ColossalAI icon indicating copy to clipboard operation
ColossalAI copied to clipboard

[BUG]: fine-tune with stable diffusion

Open ray0809 opened this issue 2 years ago • 3 comments

🐛 Describe the bug

when I running the training example with cifar10, It broken with an error RuntimeError: Expected is_sm80 to be true, but got false.
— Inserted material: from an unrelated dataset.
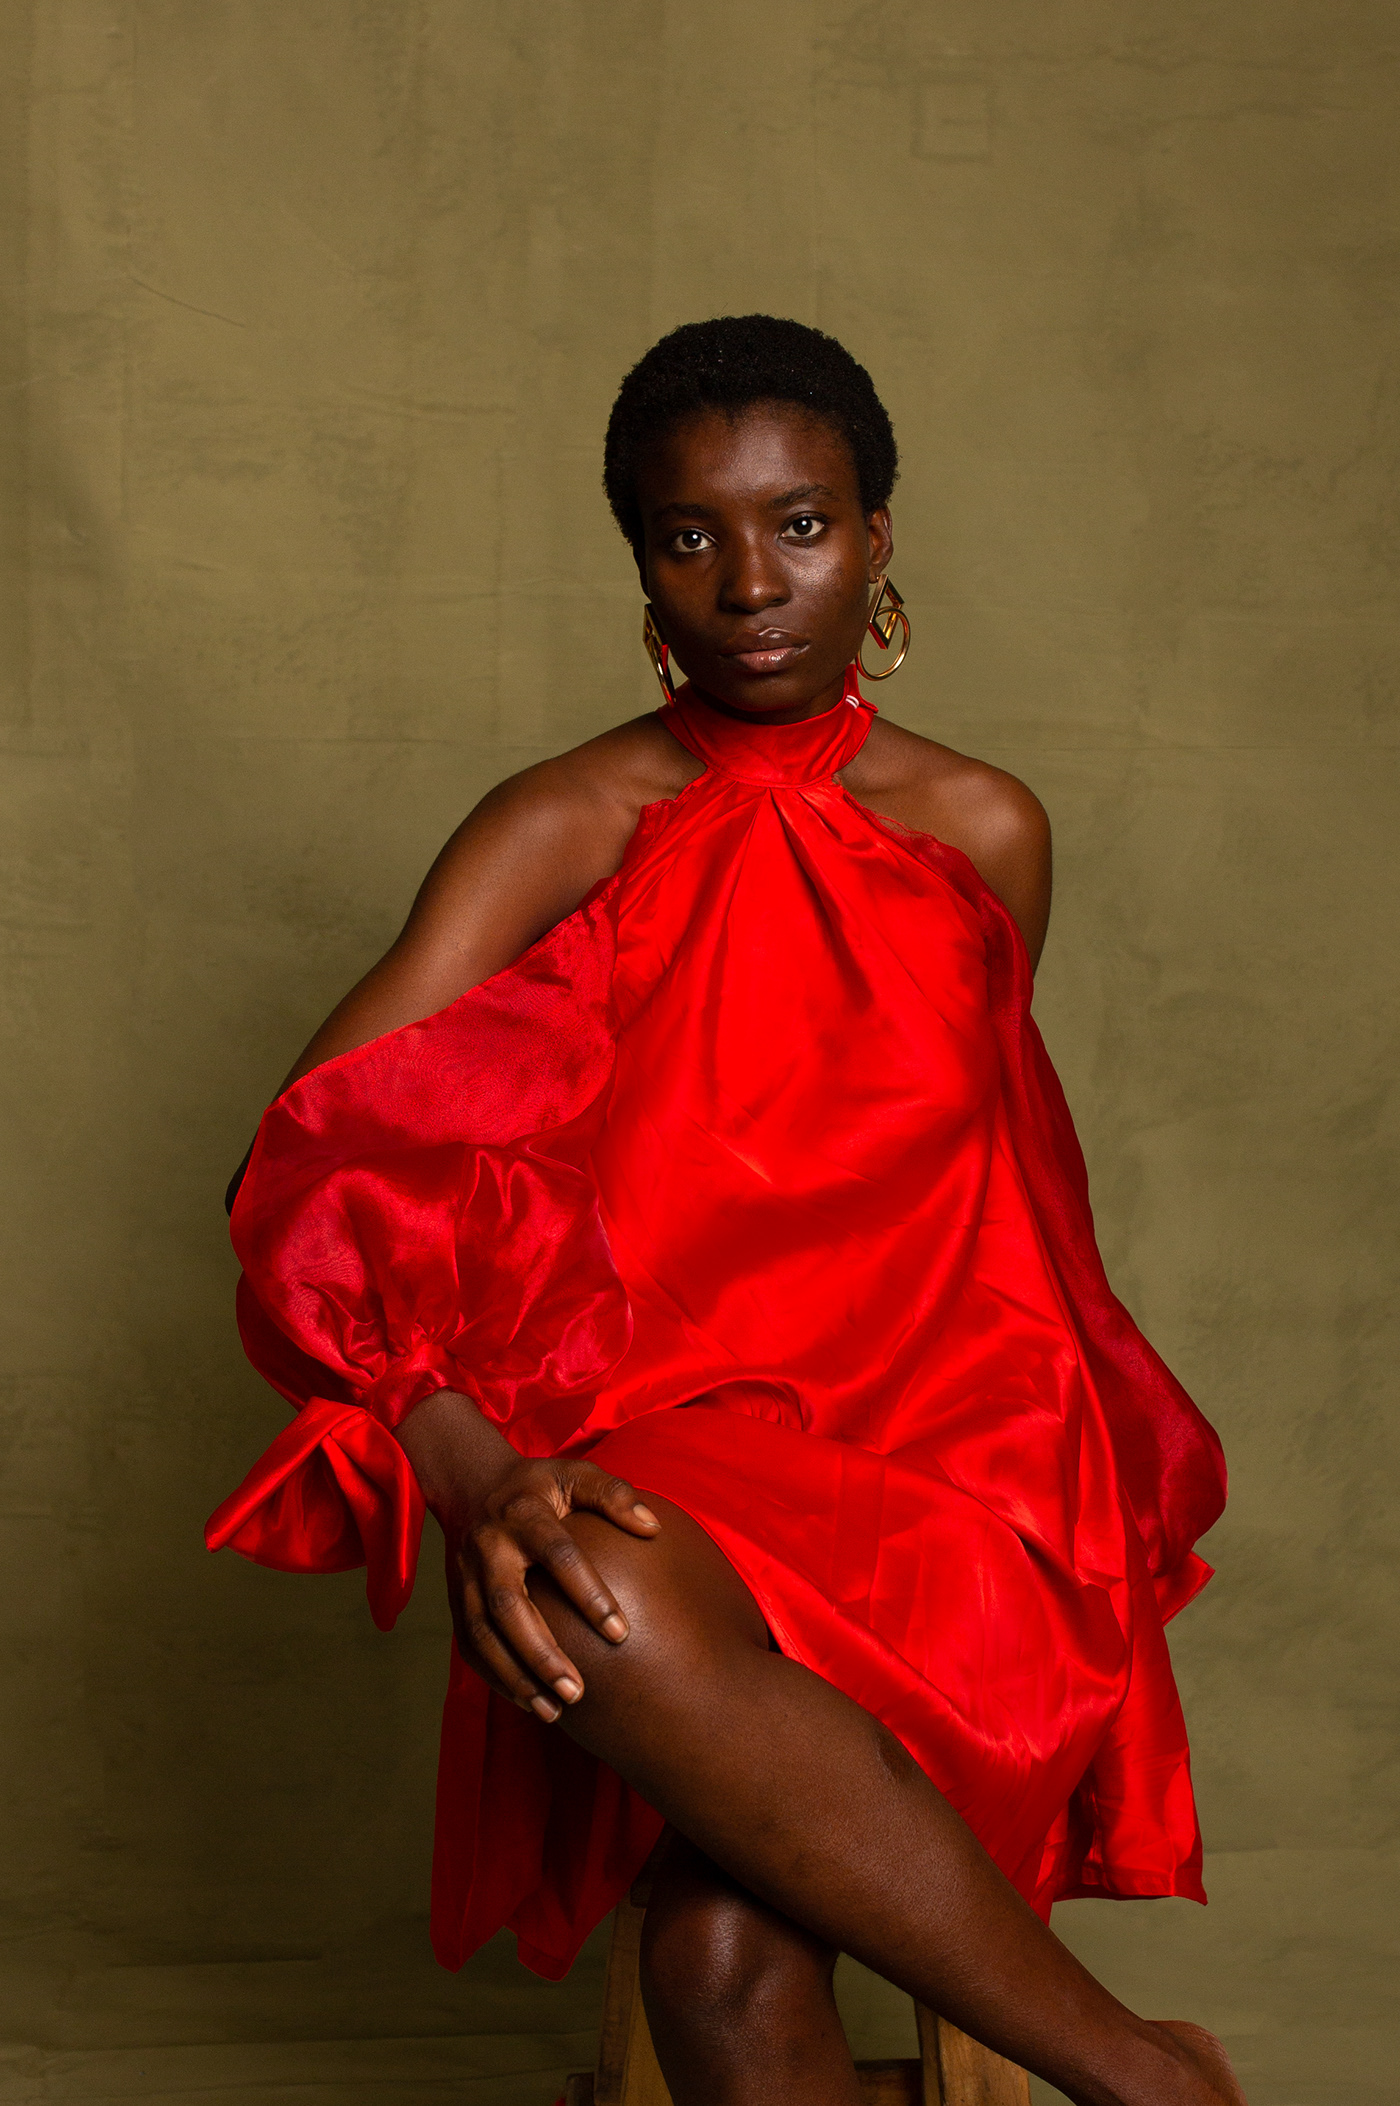 Black Skin photographing women portrait portrait photographer portrait photography

As mentioned from https://github.com/HazyResearch/flash-attention/issues/51, the author said the dim_head must be 128

but the input dim_head of SD‘s attention modules is lower 128

Environment

GTX 3090 cuda 11.3 torch 1.12.1 colossalai 0.1.10+torch1.12cu11.3

Screenshots

image

By the way, the use_ema tag is false in training config, when I turned it on, it threw another error

English is not my native language, please excuse some of my grammar mistakes

ray0809 avatar Nov 14 '22 06:11 ray0809

Flash attention is not a stable feature in ColossalAi, Flash attention is an approximation algorithm for attention, the dim size must be the second power of 2

Fazziekey avatar Nov 15 '22 02:11 Fazziekey

@Fazziekey thanks for your response In the colossalai's stable diffusion example, the flash_attn's tag is disable, but the readme tells us that using flash could save much gpu memory. So I turn it on

After pad the dim size to the second power of 2, like this

def _pad(self, q, k, v, dim_head):
    pad = 0
    if dim_head <= 32:
        pad = 32 - dim_head
    elif dim_head <= 64:
        pad = 64 - dim_head
    elif dim_head <= 128:
        pad = 128 - dim_head
    else:
        raise ValueError(f'Head size ${dim_head} too large for Flash Attention')
    if pad:
        q = torch.nn.functional.pad(q, (0, self.heads*pad), value=0)
        k = torch.nn.functional.pad(k, (0, self.heads*pad), value=0)
        v = torch.nn.functional.pad(v, (0, self.heads*pad), value=0)

    return q, k, v, pad
dim_head = int(dim_head)
q, k, v, pad = self._pad(q, k, v, dim_head)
# print("in flash")
print(">>> q, k, v:", q.shape, k.shape, v.shape)
if q.shape[1] == k.shape[1]:
    out = self._flash_attention_qkv(q, k, v)
else:
    out = self._flash_attention_q_kv(q, k, v)
if pad:
    out = out[..., :self.heads*dim_head]

But still the same error occurs image

ray0809 avatar Nov 17 '22 03:11 ray0809

we fix the use_ema in https://github.com/hpcaitech/ColossalAI/pull/1986/files

Fazziekey avatar Nov 18 '22 09:11 Fazziekey

ok, Thank you~

ray0809 avatar Nov 22 '22 06:11 ray0809